▸ WHAT IS REQUIRED:
For this exercise, reproduce the entries below exactly, but only from the line containing "適度な恐怖ヤギ使い捨て手袋 極薄ビニール手袋 ポリエチレン" through the line containing "El distrito Lakipia", both included.

▸ GIVEN RECORDS:
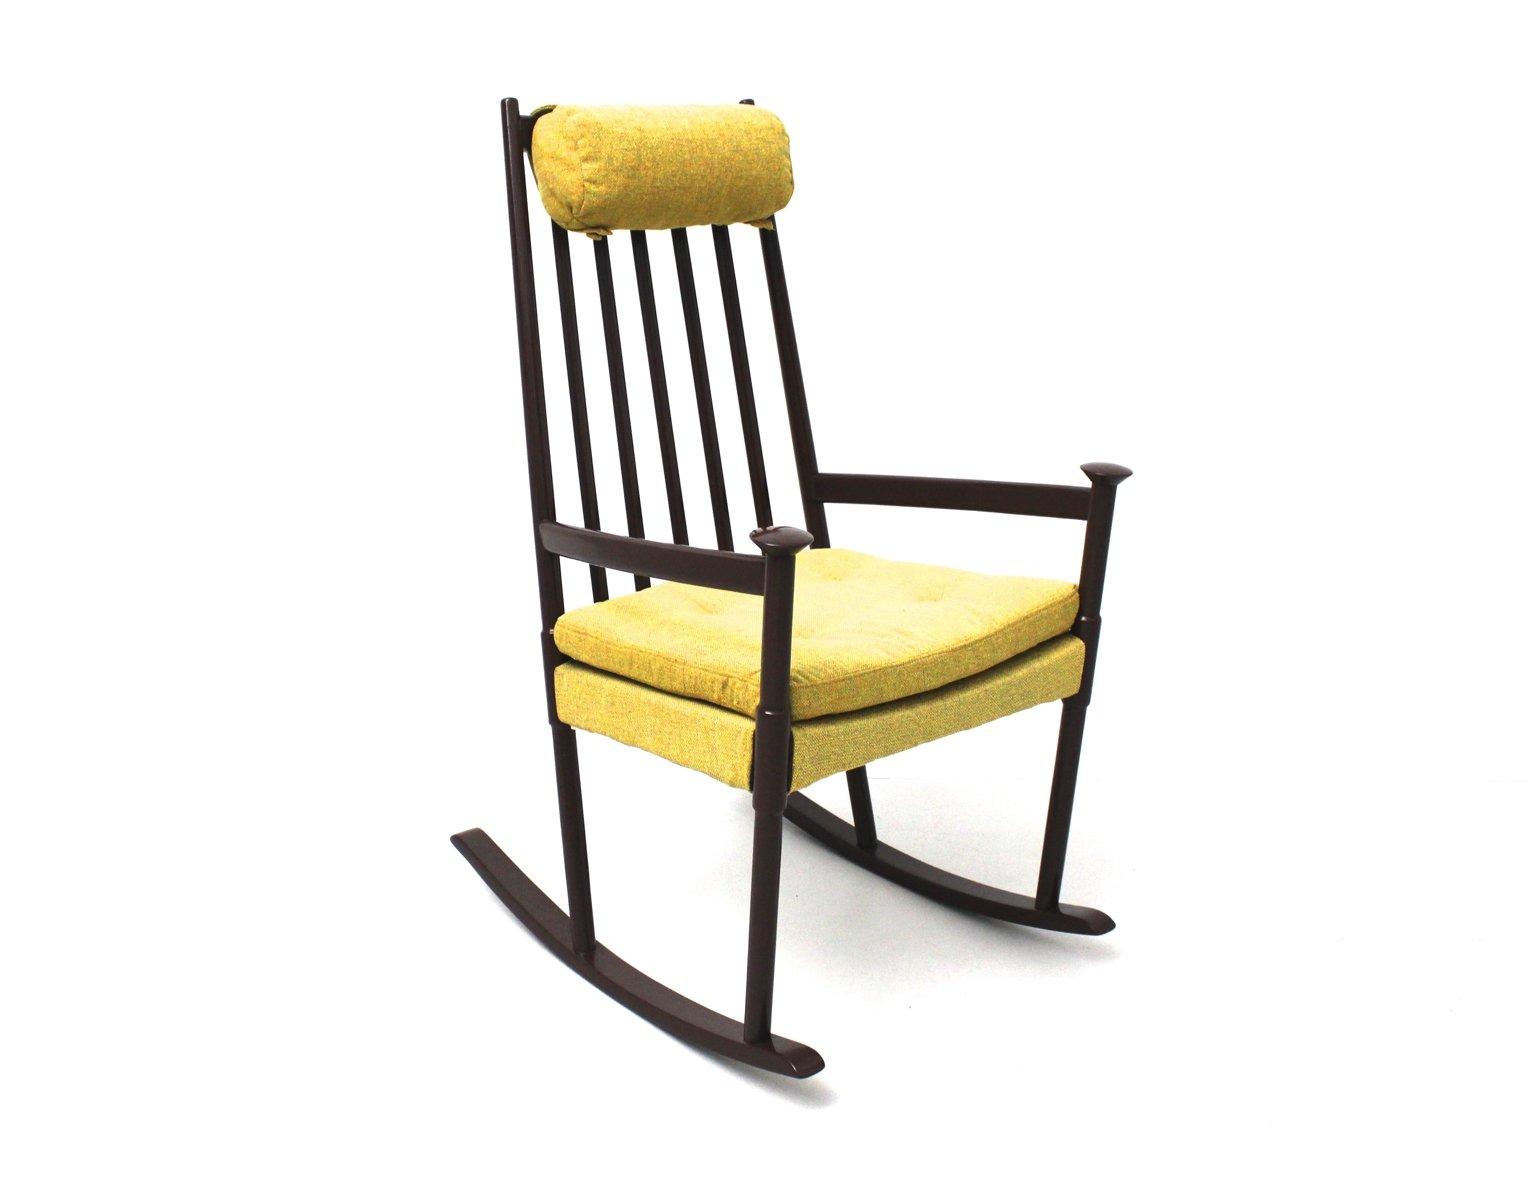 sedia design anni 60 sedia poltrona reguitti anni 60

==

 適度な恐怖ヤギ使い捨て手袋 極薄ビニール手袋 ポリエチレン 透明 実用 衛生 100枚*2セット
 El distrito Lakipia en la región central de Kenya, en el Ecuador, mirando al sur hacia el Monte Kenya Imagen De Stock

* * *

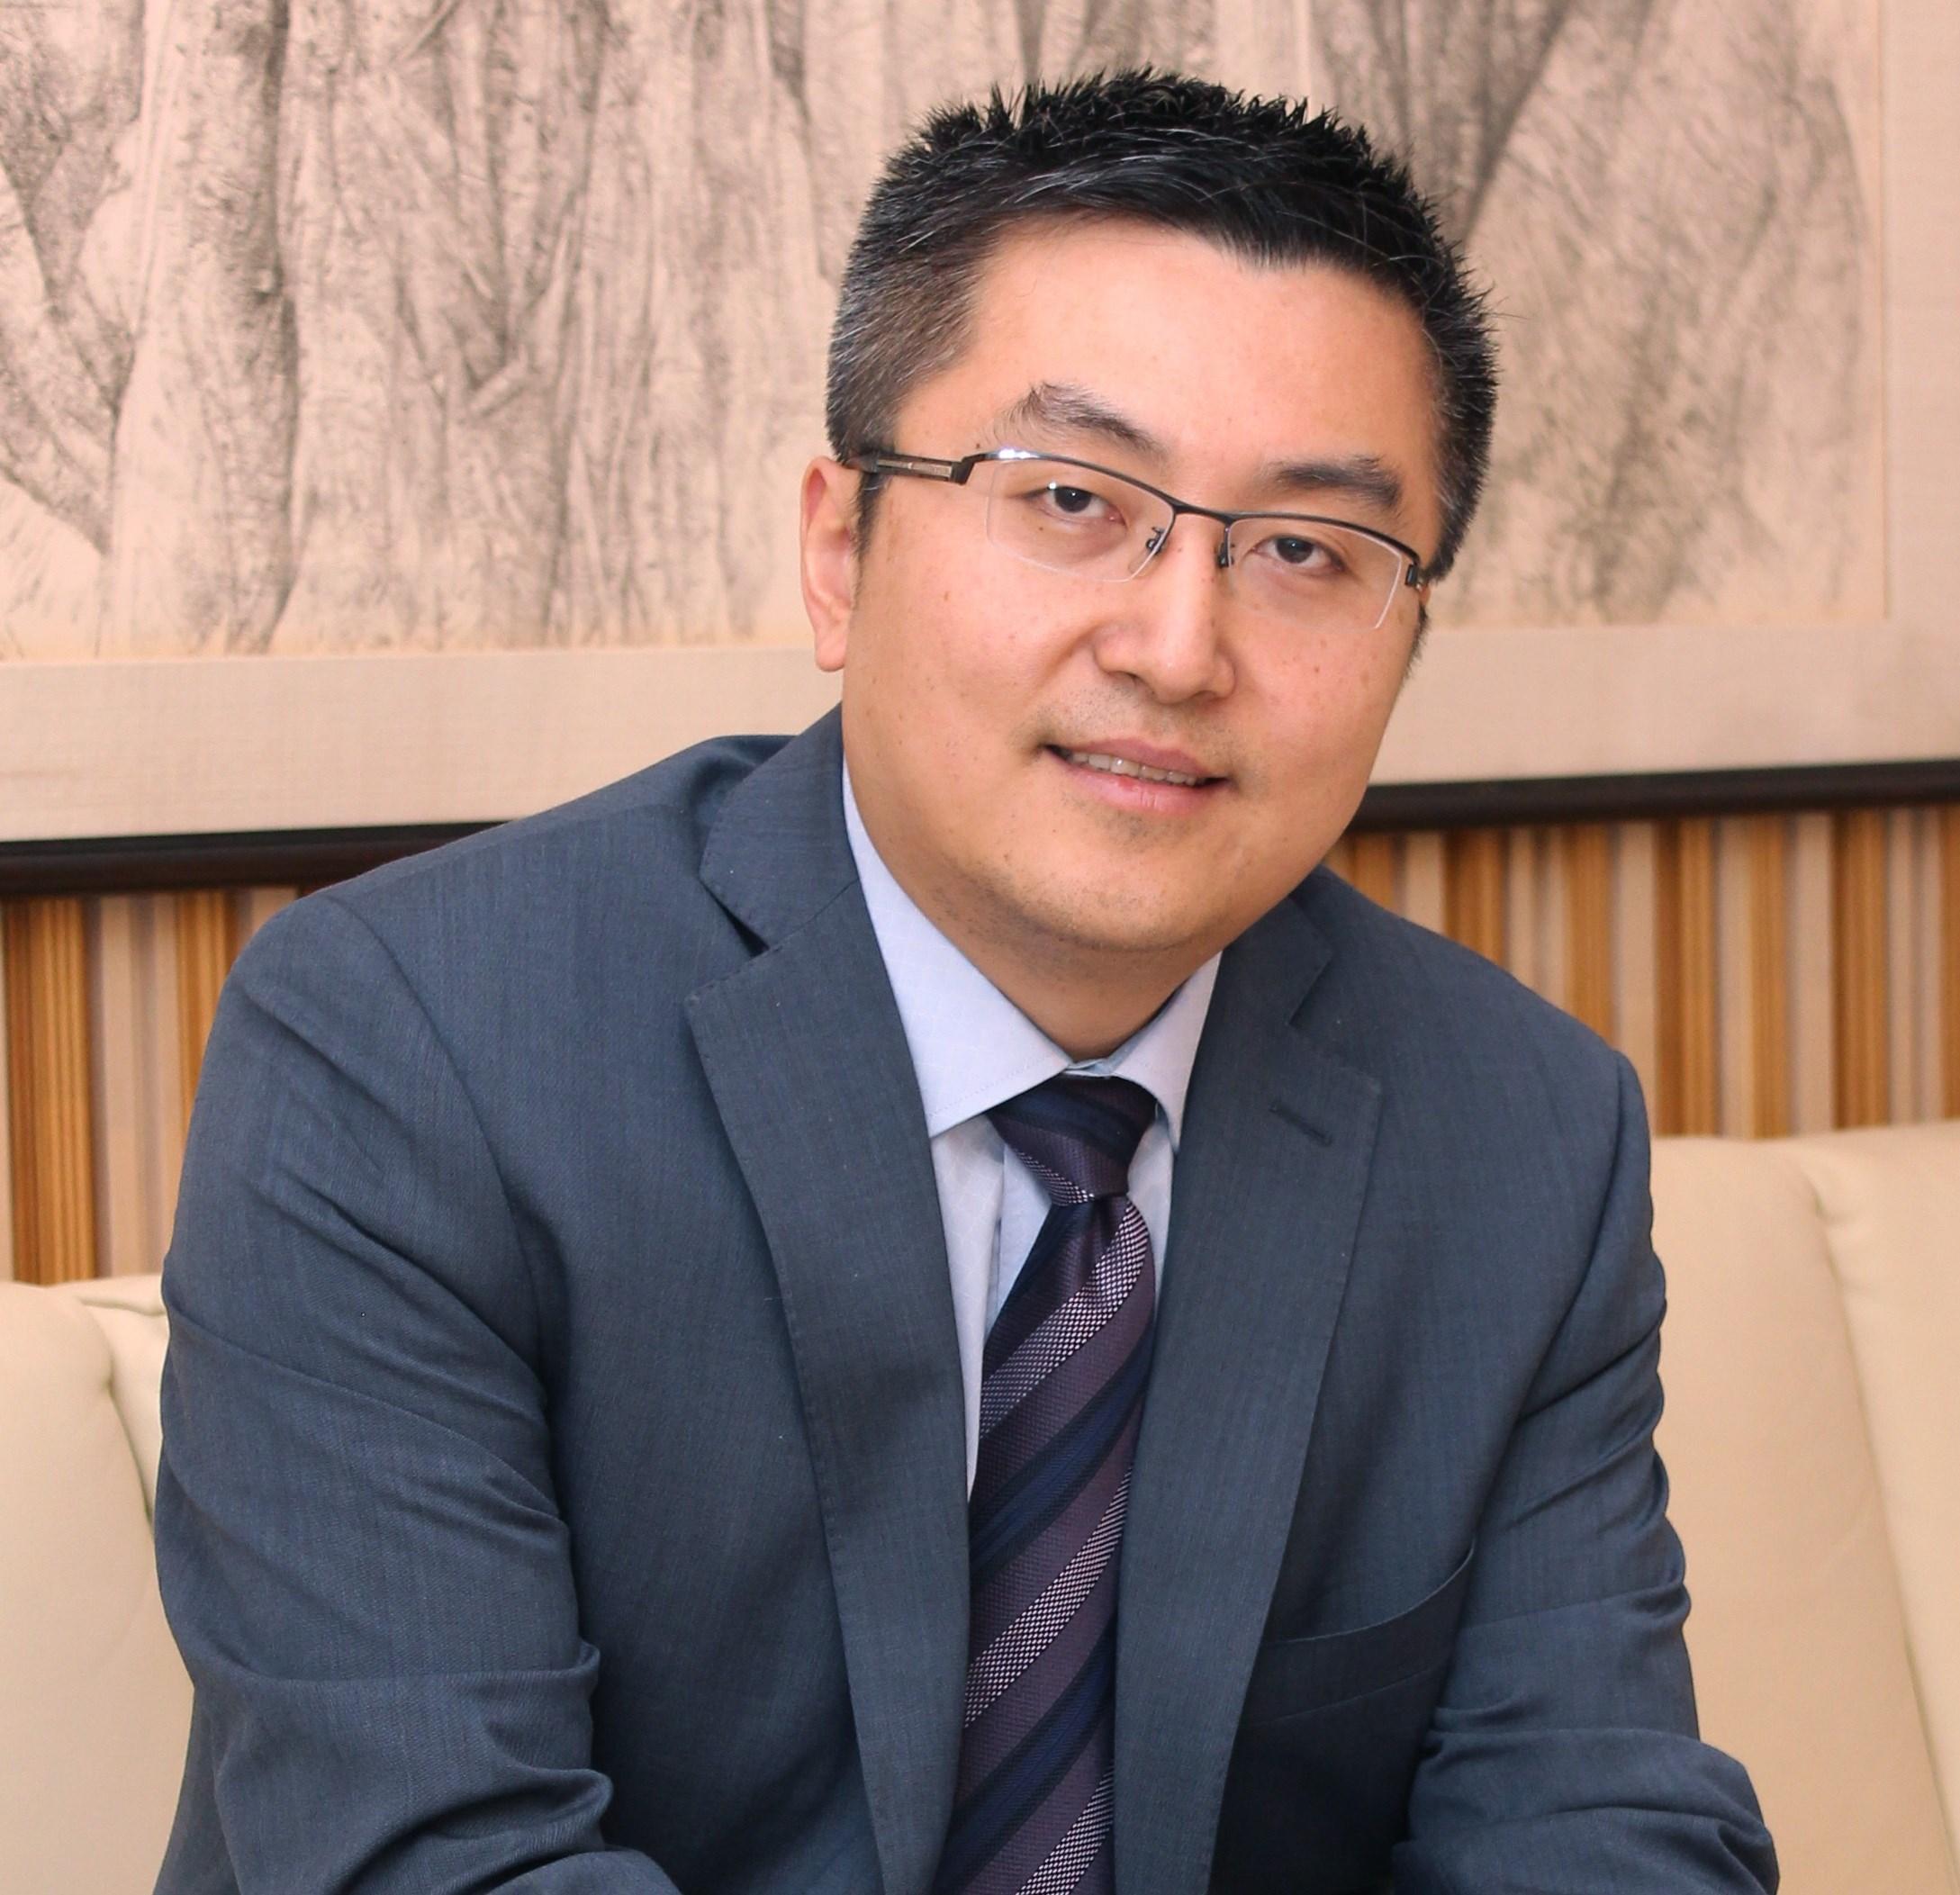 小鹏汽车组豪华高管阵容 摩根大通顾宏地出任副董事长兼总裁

▸ EXERCISE RESULT:
 適度な恐怖ヤギ使い捨て手袋 極薄ビニール手袋 ポリエチレン 透明 実用 衛生 100枚*2セット
 El distrito Lakipia en la región central de Kenya, en el Ecuador, mirando al sur hacia el Monte Kenya Imagen De Stock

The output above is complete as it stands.